シュードモナドは代謝的に柔軟性があり、さまざまな植物宿主上で増殖できます。 しかし、宿主の乱交に必要な代謝適応は不明です。 今回我々は、RNAseqを利用し、2つの植物宿主であるトマトとトウモロコシの根滲出液に対するPseudomonas donghuensis P482のトランスクリプトーム応答を比較することで、この知識のギャップに対処した。 私たちの主な目的は、これら 2 つの回答の違いと共通点を特定することでした。 トマトの浸出液によってのみ上方制御される経路には、一酸化窒素の解毒、鉄硫黄クラスターの修復、シアン化物非感受性のシトクロムbdを介した呼吸、およびアミノおよび/または脂肪酸の異化が含まれる。 最初の 2 つは、試験植物の浸出液中に NO 供与体が存在することを示しています。 トウモロコシは、MexE RND 型排出ポンプの活性と銅耐性を特異的に誘導しました。 運動性に関連する遺伝子はトウモロコシによって誘導されましたが、トマトによって抑制されました。 滲出液に対する共通の反応は、植物由来の化合物とその生育環境由来の化合物の両方によって影響を受けるようです。ヒ素耐性とバクテリオフェリチン合成が上方制御される一方で、硫黄の同化、クエン酸第二鉄および/または他の鉄担体の感知、ヘムの獲得、および極性アミノ酸の輸送は下方制御されました。 私たちの結果は、植物関連微生物における宿主適応のメカニズムを探索するための方向性を提供します。

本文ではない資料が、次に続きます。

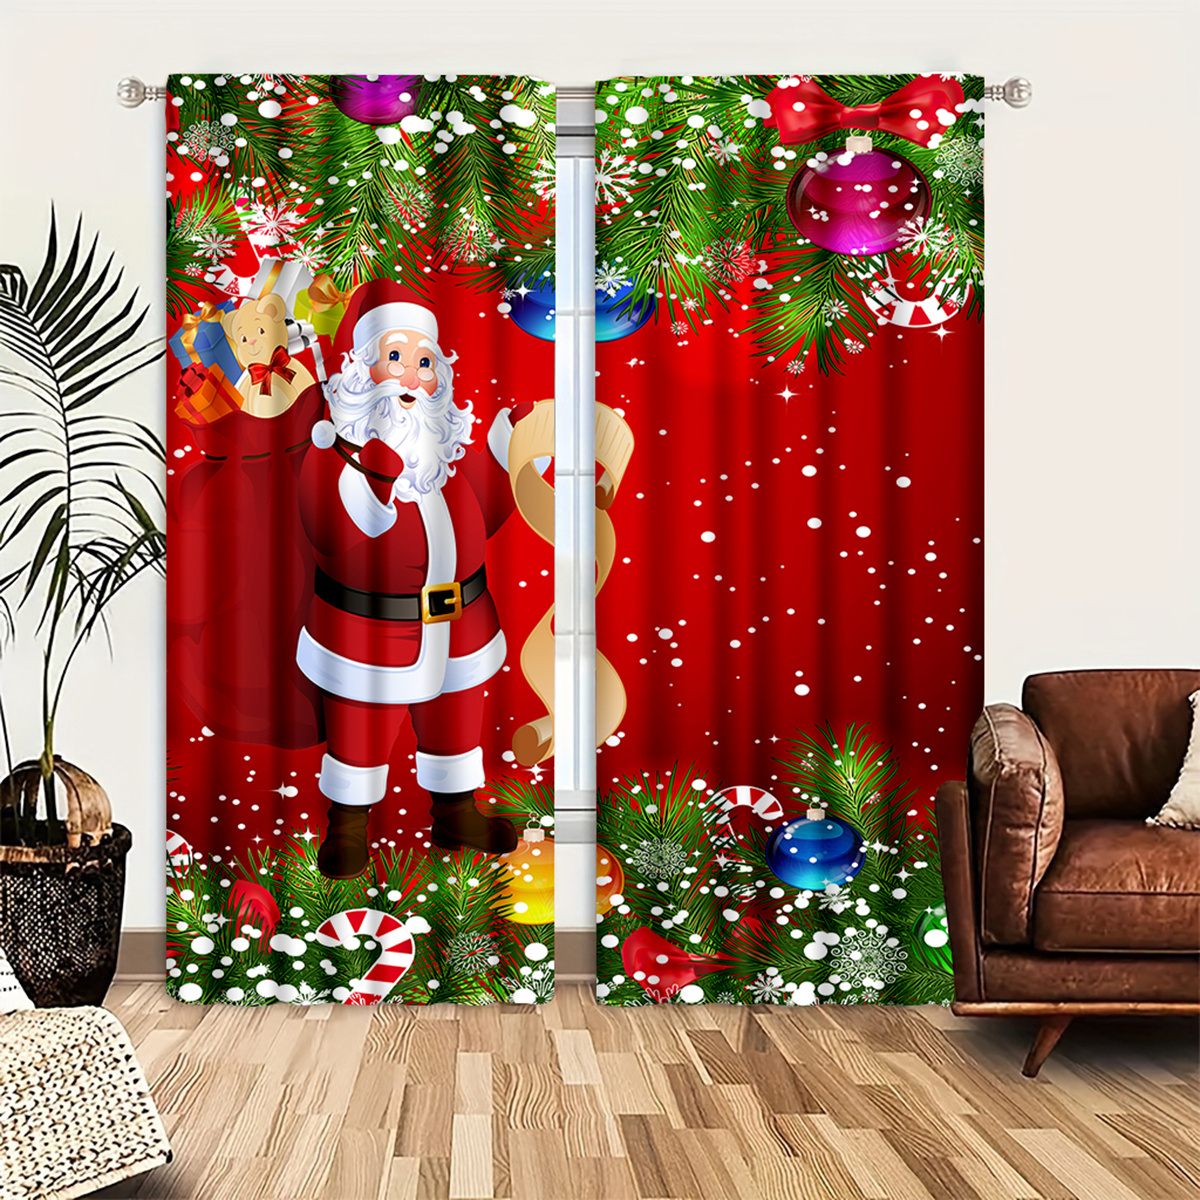 

Christmas Santa Claus Door Curtains Set Of 2, Art Deco Washable Polyester Panels With Tie Back, Festive Red Bedroom Doorway Drapes, Unlined Satin Weave Landscape And Flowers Design For Holiday Decor

植物は、根から有機化合物の混合物を放出することにより、根圏の微生物群集に栄養を与えます1。 根の浸出液には、有機酸、アミノ酸、糖などの一次代謝産物と、生理活性またはシグナル伝達特性を持つ二次代謝産物が含まれています。 滲出液の正確な化学組成は植物種と植物の生理学的状態に依存し、後者は発育段階、栄養素の利用可能性、およびストレス因子の存在に依存します2。 浸出液の組成と植物の自然免疫の働きの違いにより、根の微生物叢の組成と活動が決まります3。

シュードモナス属細菌は、さまざまな植物宿主の根を含むさまざまな環境ニッチで繁殖できます。 その競争力には、代謝の柔軟性と、抗菌剤や鉄除去化合物などの幅広い二次代謝産物の生成が含まれます4。 多くの植物関連株は、植物の成長を促進し、非生物的ストレスを軽減し、病原体から植物を保護します5。 特定のシュードモナス株が定着できる植物の系統学的広がりに関する包括的な研究は存在しません。 しかし、特定のシュードモナドは、その起源とは異なる植物種または複数の作物に対して生物防除剤として有効であることが証明されており、シュードモナドがむしろ無差別に植物に定着する可能性があることが示唆されています6。

植物種が特徴的な微生物群集を選択する7、系統発生的により遠い植物宿主が最も特徴的な微生物叢集団をリクルートするという認識が高まっています8。 したがって、シュードモナドなどの一部の微生物の明らかな宿主の乱雑さは、細菌が複数の宿主に定着するため、または生理学的変化を受ける宿主との関係を維持するために必要な代謝変化について疑問を引き起こします。 ほとんどの研究は単一の宿主と微生物の相互作用のみを扱っているため、この問題に既存のデータで対処するのは困難です。 さらに、植物と微生物の相互作用における宿主特異性の決定要因は、共生根粒菌については詳しく研究されているが、宿主とあまり親密な関係を形成していない細菌ではほとんど注目されていない9。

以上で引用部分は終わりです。